The rise in kidney disease
hospitalizations was greatest in people aged 65 and older. Acute renal
failure cases were up sharply, driving the trend. Acute renal failure
refers to sudden and usually temporary loss of kidney function.

In 2005, acute renal failure accounted for 60% of kidney disease
hospitalizations, up from 7% in 1980. Kidney disease hospitalization rates were
consistently 30% to 40% higher among men than among women from 1980 to 2005,
according to the CDC.

Why the increase in kidney disease hospitalizations? The CDC has two
theories:


    * The aging population. Type 2
      diabetes and high
      blood pressure , which make kidney disease more likely, become more common
      with age. So an older population makes for more patients.
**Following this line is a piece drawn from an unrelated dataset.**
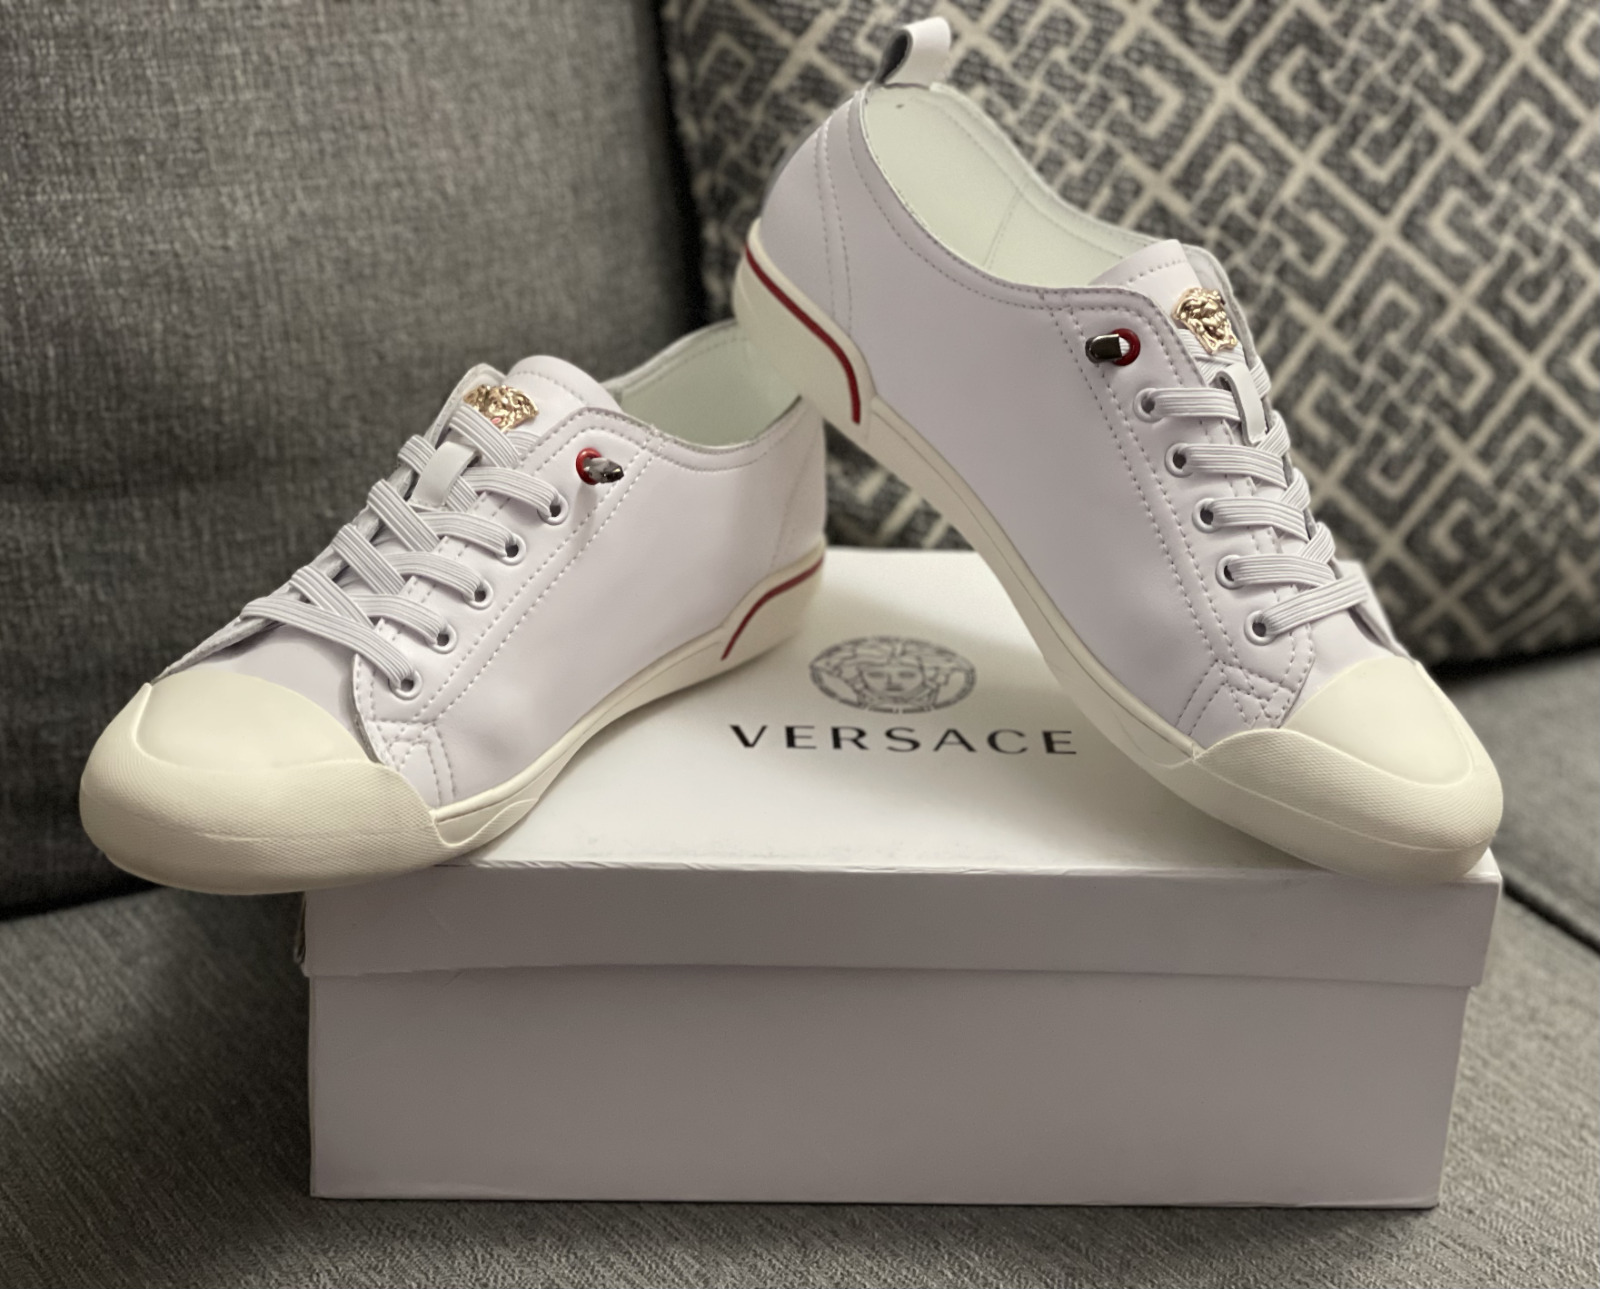 Versace Men’s White Sneakers Shoes Size 10 (EU 44)

    * Changes in the way acute renal failure is diagnosed, defined, or coded in
      hospital records. The National Kidney Foundation issued new guidelines on
      chronic kidney disease in 2002.


The kidney disease hospitalization statistics, based on discharge records
from about 500 U.S. hospitals, appear in tomorrow's edition of the CDC's
Morbidity and Mortality Weekly Report.




By Miranda Hitti
Reviewed by Louise Chang

http://www.cbsnews.com/stories/2008/03/27/health/webmd/main3975985.shtml#
Title: Re: Kidney Disease Hospitalizations Soar
Post by: kitkatz on March 28, 2008, 10:04:39 PM
Oh my God. Does this mean we are getting crappy care, or just that the numbers are increasing?
Title: Re: Kidney Disease Hospitalizations Soar
Post by: stauffenberg on March 29, 2008, 07:40:34 AM
With the dramatic increase in the proportion of the population above age 65, combined with the willingness of many transplant centers now to list senior citizens in good health on their transplant waiting lists, the wait for a transplant will now start to expand exponentially.  And yet at the same time, the number of kidneys being donated is stagnant.  How will society in general and dialysis patients in particular react when the waiting time for a transplant starts to exceed the remaining life expectancy of the average patient on the waiting list?
Title: Re: Kidney Disease Hospitalizations Soar
Post by: st789 on March 29, 2008, 07:51:56 AM
 :banghead; 
Title: Re: Kidney Disease Hospitalizations Soar
Post by: Rerun on March 29, 2008, 08:56:15 AM
Epogen was introduced in the 90's.  I'm convinced that too much Epogen used on dialysis patients increases fistula clotting which inturn requires hospitalization.  Epogen may also increase heart attachs.  Don't get me wrong.  Epogen is a great drug, but I think they use too much of it.